Paul Faber, Surgeon eBook

This eBook from the Gutenberg Project consists of approximately 621 pages of information about Paul Faber, Surgeon.

Paul Faber, Surgeon eBook

This eBook from the Gutenberg Project consists of approximately 621 pages of information about Paul Faber, Surgeon.

CHAPTER X.

MR. DRAKE’S ARBOR.

While the curate was preaching that same Sunday morning, in the cool cavernous church, with its great lights overhead, Walter Drake—­the old minister, he was now called by his disloyal congregation—­sat in a little arbor looking out on the river that flowed through the town to the sea.  Green grass went down from where he sat to the very water’s brink.  It was a spot the old man loved, for there his best thoughts came to him.  There was in him a good deal of the stuff of which poets are made, and since trouble overtook him, the river had more and more gathered to itself the aspect of that in the Pilgrim’s Progress; and often, as he sat thus almost on its edge, he fancied himself waiting the welcome summoms to go home.  It was a tidal river, with many changes.  Now it flowed with a full, calm current, conquering the tide, like life sweeping death with it down into the bosom of the eternal.  Now it seemed to stand still, as if aghast at the inroad of the awful thing; and then the minister would bethink himself that it was the tide of the eternal rising in the narrow earthly channel:  men, he said to himself, called it death, because they did not know what it was, or the loveliness of its quickening energy.  It fails on their sense by the might of its grand excess, and they call it by the name of its opposite.  A weary and rather disappointed pilgrim, he thus comforted himself as he sat.

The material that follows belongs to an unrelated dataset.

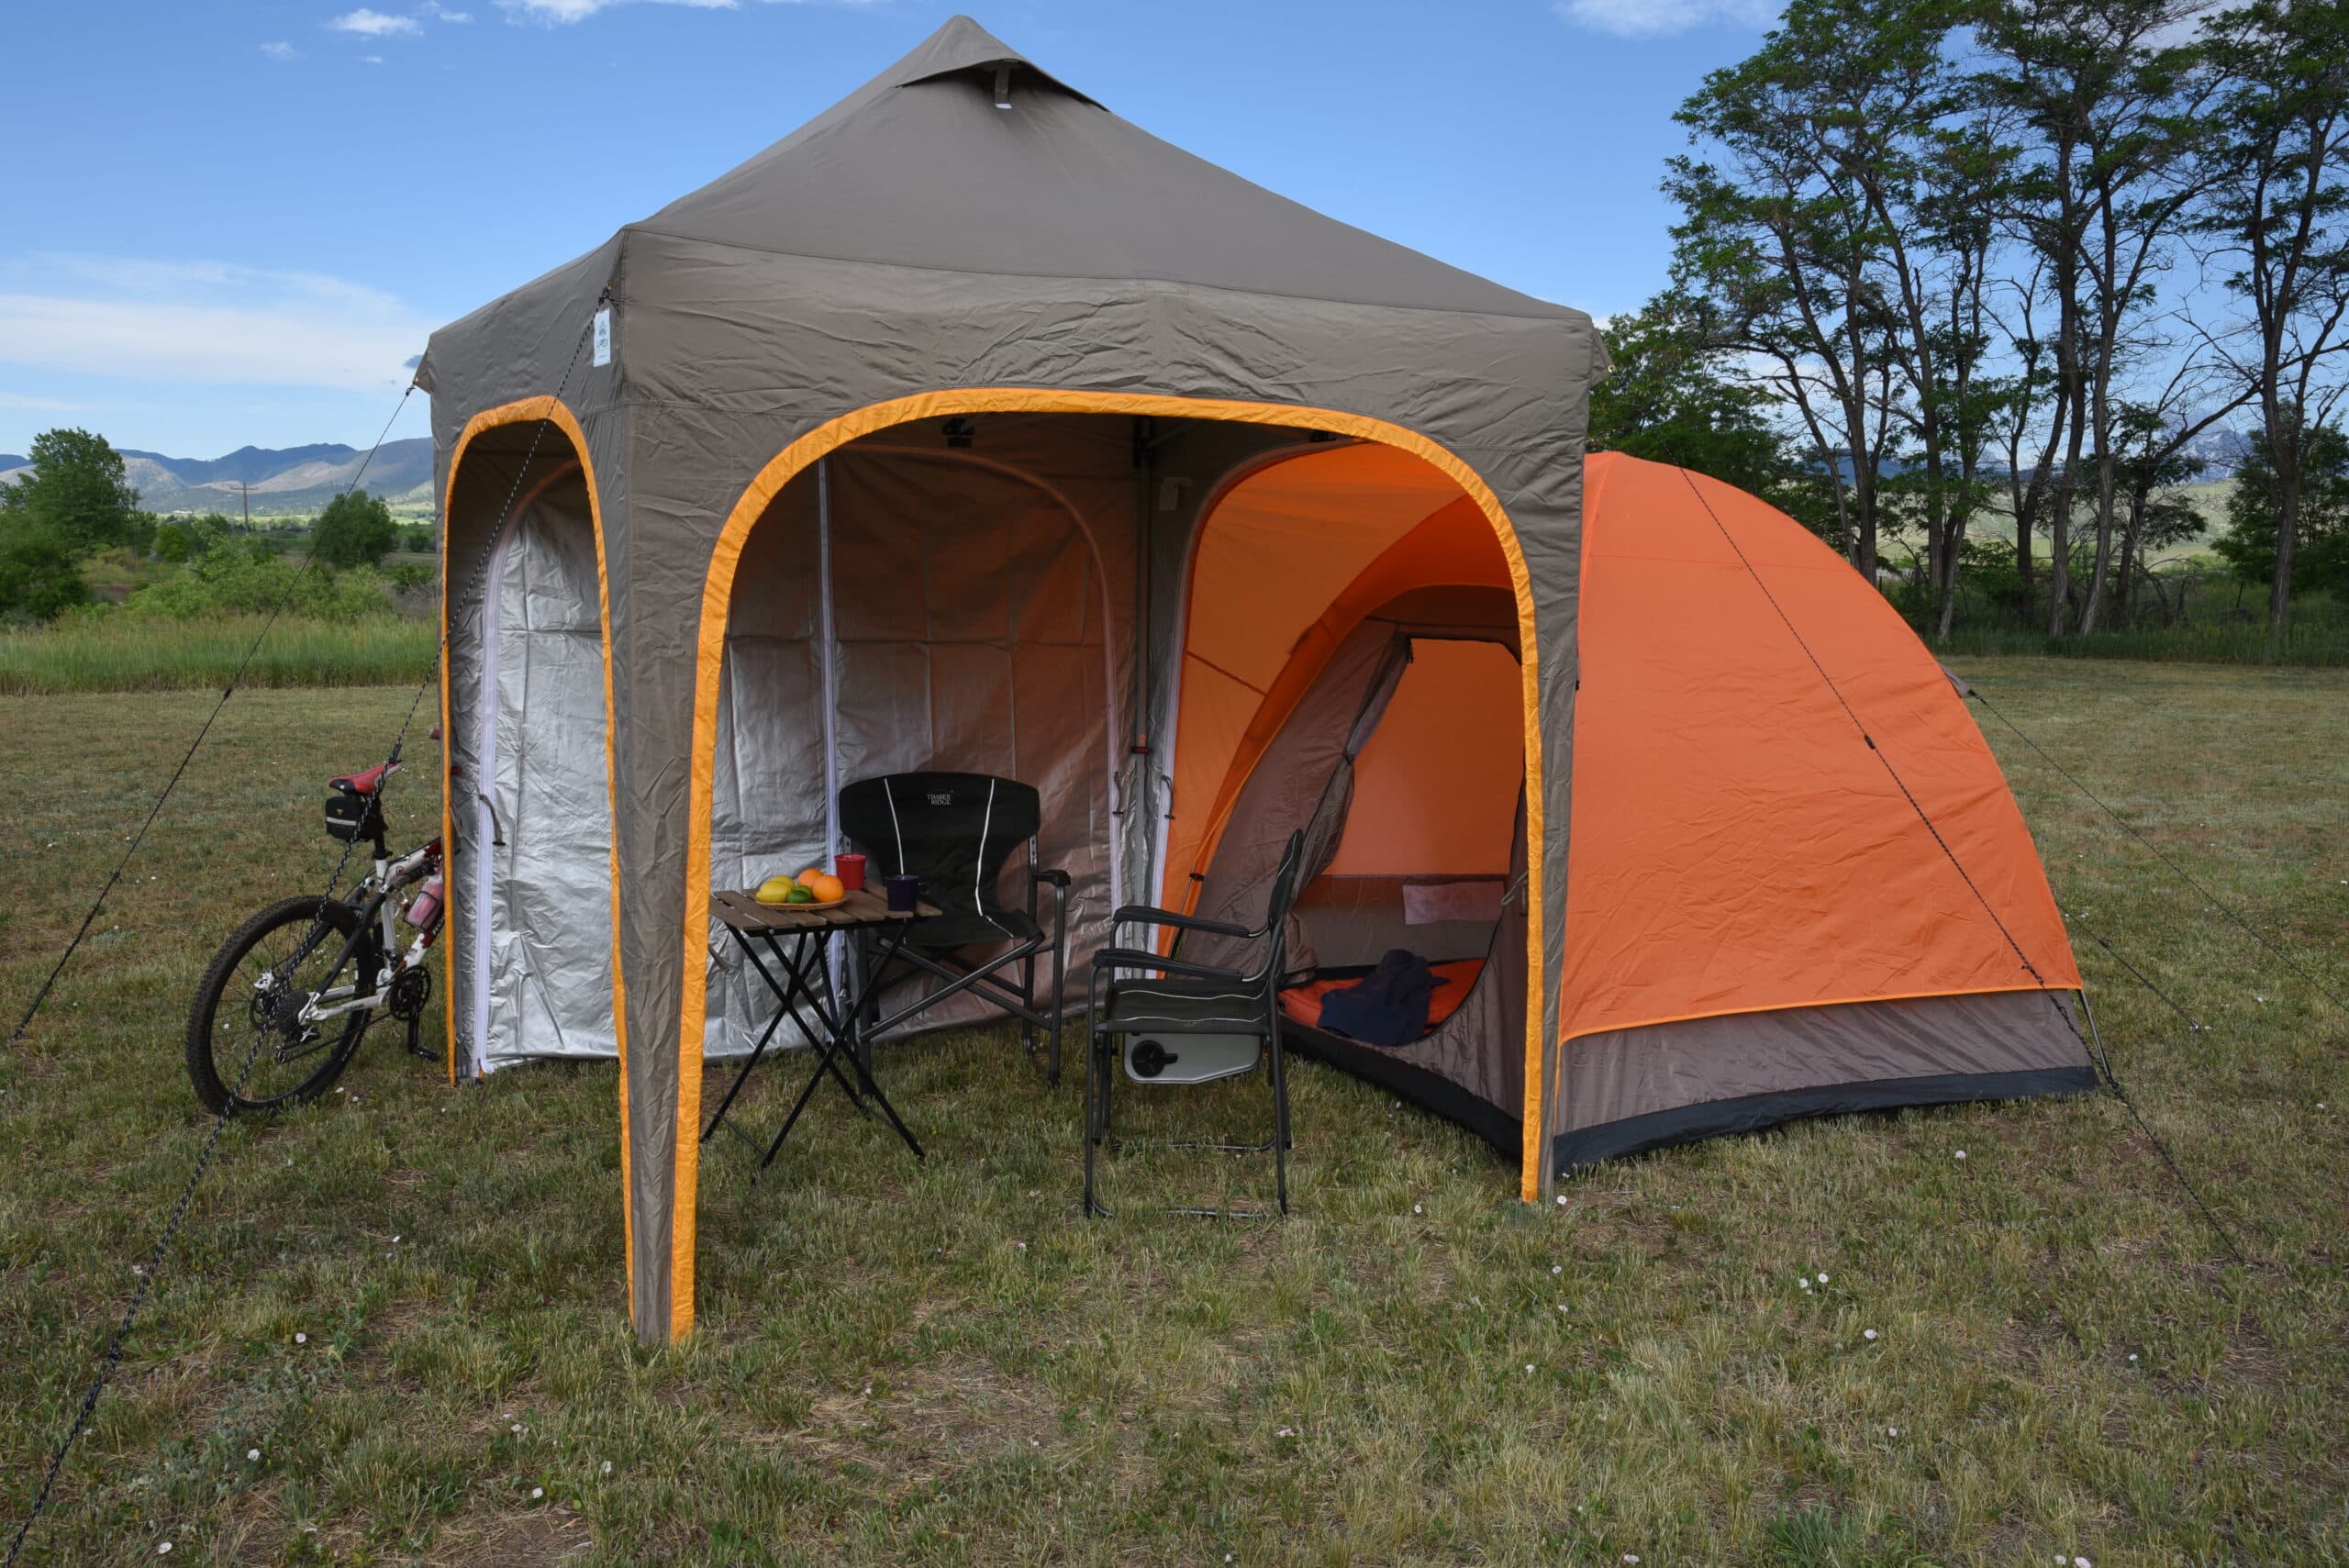 APEX-CAMP Canopy Tent Kit - UNDERCOVER POPUPSHADE

There a great salmon rose and fell, gleaming like a bolt of silver in the sun!  There a little waterbeetle scurried along after some invisible prey.  The blue smoke of his pipe melted in the Sabbath air.  The softened sounds of a singing congregation came across gardens and hedges to his ear.  They sang with more energy than grace, and, not for the first time, he felt they did.  Were they indeed singing to the Lord, he asked himself, or only to the idol Custom?  A silence came:  the young man in the pulpit was giving out his text, and the faces that had turned themselves up to Walter Drake as flowers to the sun, were now all turning to the face of him they had chosen in his stead, “to minister to them in holy things.”  He took his pipe from his mouth, and sat motionless, with his eyes fixed on the ground.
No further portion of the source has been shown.